Islam is the third largest religion in Sri Lanka with Muslims accounting for about 10.7% of the country's total population. (Note: As per 2024 census.) About 2.3 million Sri Lankans adhere to Islam as per the Sri Lanka census of 2024. Most Sri Lankan Muslims follow the Hanafi school of Sunni Islam.

The majority of Muslims in Sri Lanka are concentrated in the Eastern Province where they form a plurality. Other areas containing significant Muslim minorities include the Western, Northwestern, North Central, Central and Sabaragamuwa provinces. Muslims form a large segment of the urban population of Sri Lanka and are mostly concentrated in major cities and large towns in Sri Lanka, like Colombo. Most Sri Lankan Muslims primarily speak Tamil and Sinhala. Sri Lankan Muslims of Pakistani and Indian origin also speak Urdu while Sri Lankan Malays speak the Sri Lankan Malay creole language in addition to Tamil and Sinhala.

Islam in Sri Lanka traces its origin back to the arrival of Middle Eastern merchants in the Indian Ocean. By the 16th century, Middle Eastern traders' were the main traders of spice in Sri Lanka, with networks extending to the Middle East.

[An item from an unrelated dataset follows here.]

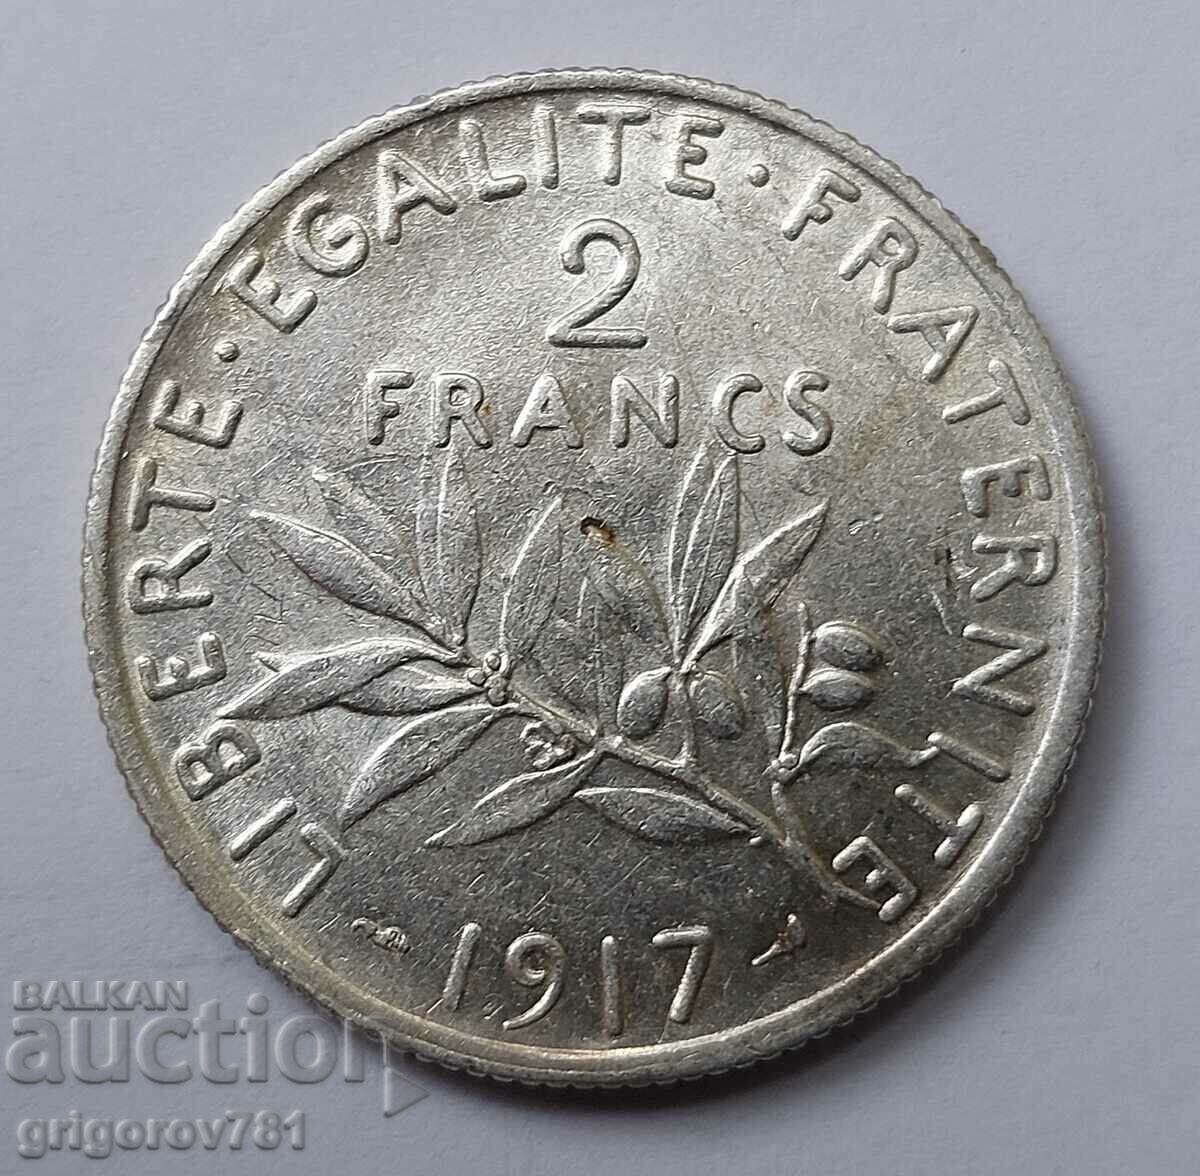 2 Francs Silver France 1917 - Silver Coin #37

The descendants of these merchants are commonly believed to be the Sri Lankan Moors.

== History ==
With the arrival of Arab traders in the 7th century A.D., Islam began to flourish in Sri Lanka. The first people to profess the Islamic faith were Arab merchants and their native wives, whom they married after having them converted to Islam. By the 8th century A.D., Arab traders had taken control of much of the trade on the Indian Ocean, including that of Sri Lanka. Many of them settled down on the island in large numbers, encouraging the spread of Islam. However, when the Portuguese arrived during the 16th century, many of these Arab traders' descendants – now called the Sri Lankan Moors – were the main traders in spice, with networks extending to the Middle East. The Portuguese colonists attacked, persecuted, and destroyed the Sri Lankan Moor settlements, warehouses, and trading networks. Many defeated Moors sought refuge from persecution by escaping to the interior of Sri Lanka. The population of Sri Lankan Moors declined significantly during the Portuguese colonial rule due to the pogroms against the Moors. The Sinhalese ruler King Senarat of Kandy gave refuge to some of the Muslims in the central highlands and Eastern Province, Sri Lanka.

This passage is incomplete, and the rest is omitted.